**COLLECTED MATERIAL**:
______
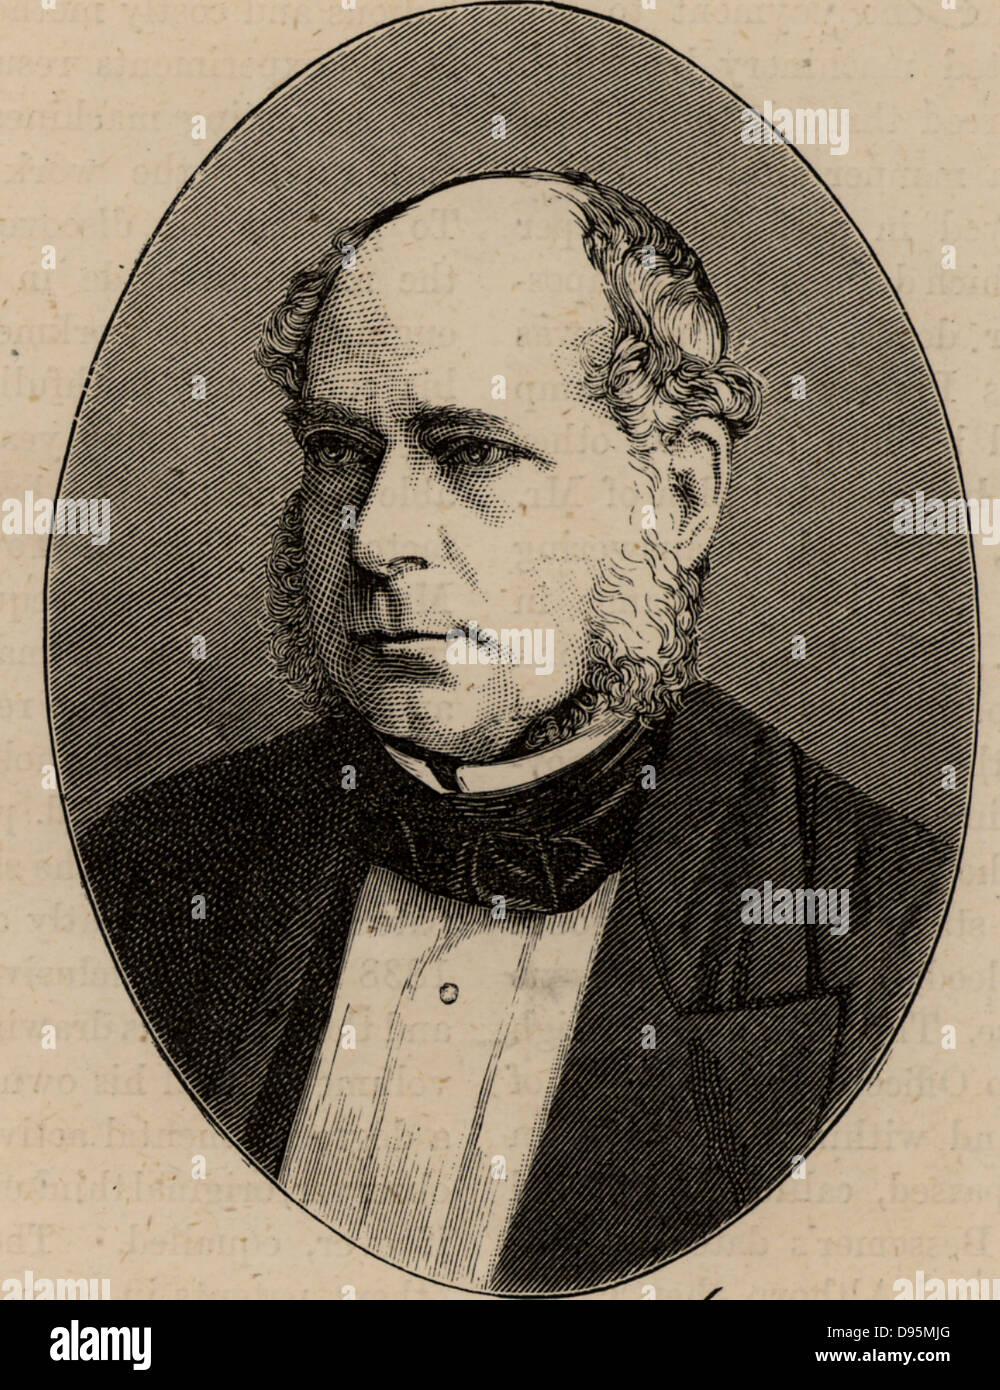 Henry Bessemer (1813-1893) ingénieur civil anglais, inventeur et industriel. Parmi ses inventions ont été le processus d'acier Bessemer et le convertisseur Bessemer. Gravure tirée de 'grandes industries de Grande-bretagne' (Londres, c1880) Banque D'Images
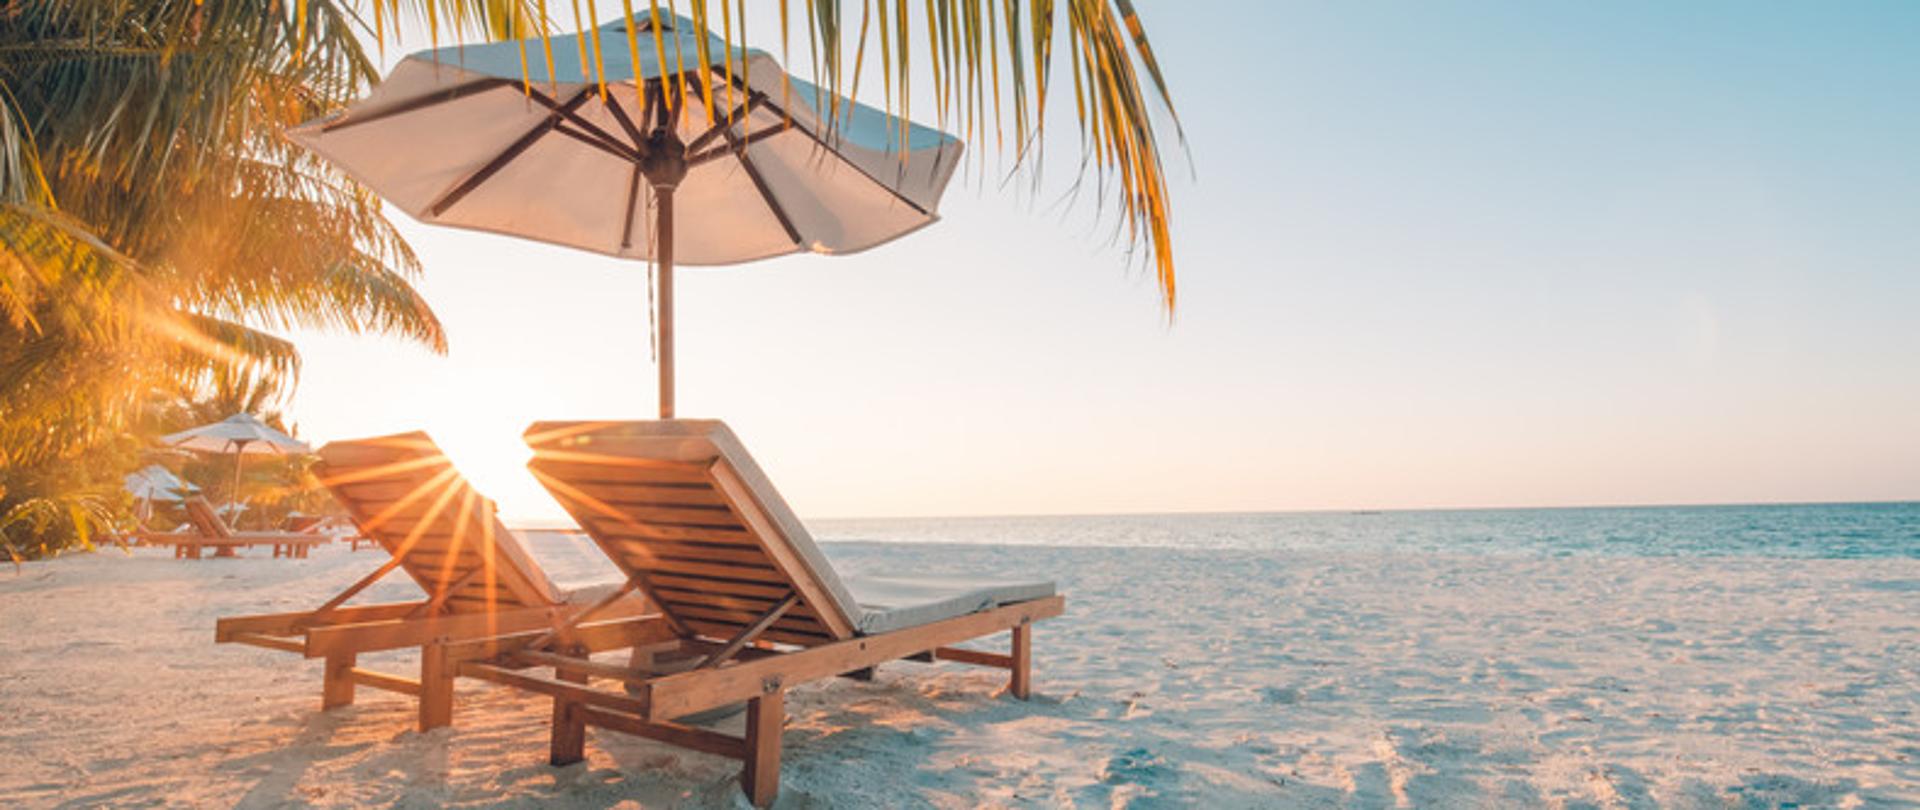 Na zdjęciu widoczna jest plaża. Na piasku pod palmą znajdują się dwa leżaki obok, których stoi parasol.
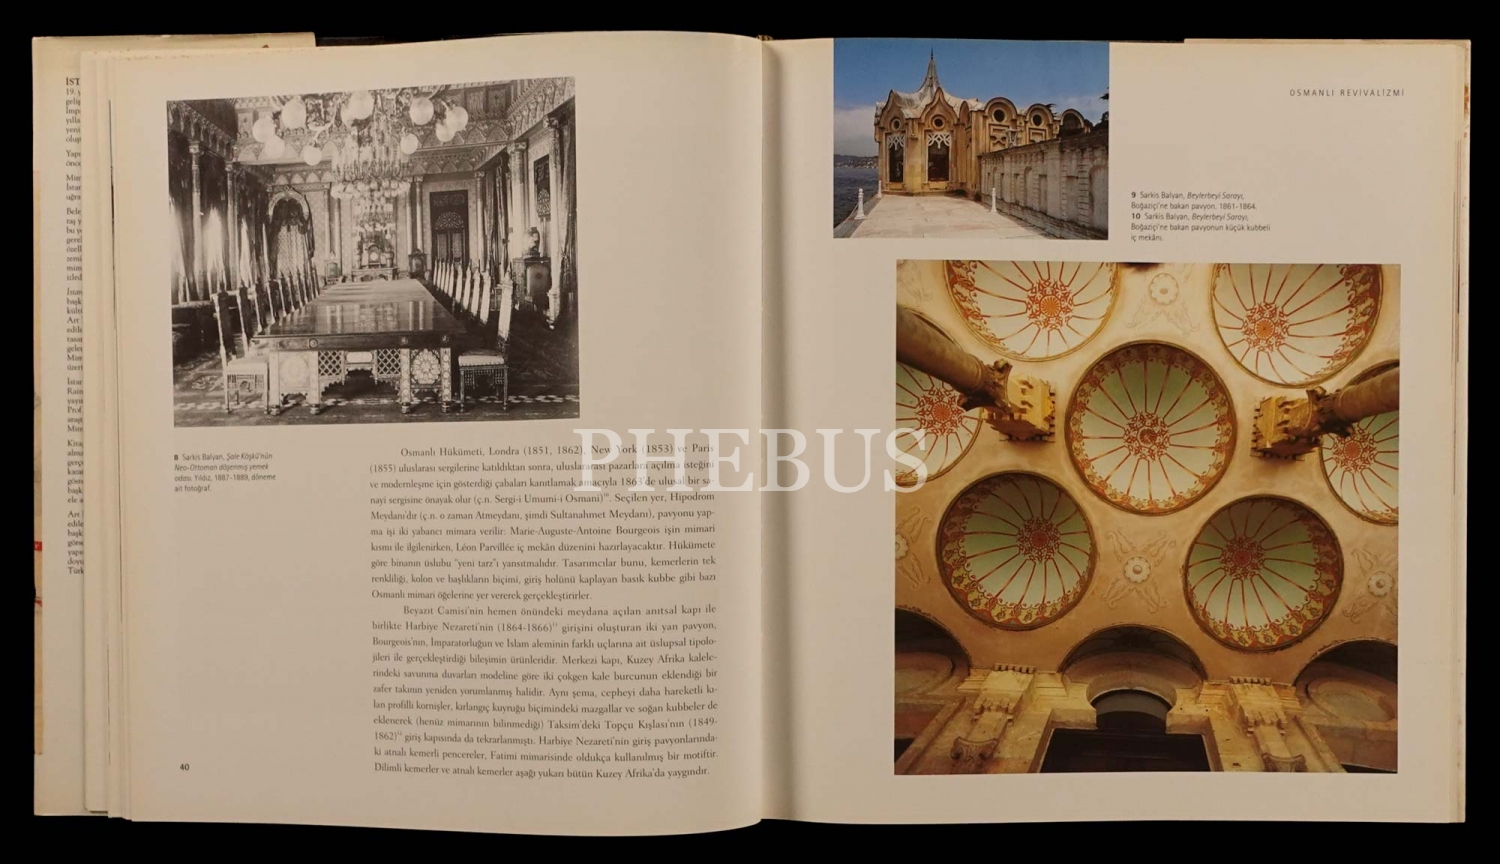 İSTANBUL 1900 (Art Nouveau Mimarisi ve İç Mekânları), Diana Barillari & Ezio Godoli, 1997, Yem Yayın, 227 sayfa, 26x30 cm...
______
**YOUR TASK**: Give every line of the listing above again, exactly, with no images.

**SOLUTION TO THIS EXERCISE**:
 Henry Bessemer (1813-1893) ingénieur civil anglais, inventeur et industriel. Parmi ses inventions ont été le processus d'acier Bessemer et le convertisseur Bessemer. Gravure tirée de 'grandes industries de Grande-bretagne' (Londres, c1880) Banque D'Images
 Na zdjęciu widoczna jest plaża. Na piasku pod palmą znajdują się dwa leżaki obok, których stoi parasol.
 İSTANBUL 1900 (Art Nouveau Mimarisi ve İç Mekânları), Diana Barillari & Ezio Godoli, 1997, Yem Yayın, 227 sayfa, 26x30 cm...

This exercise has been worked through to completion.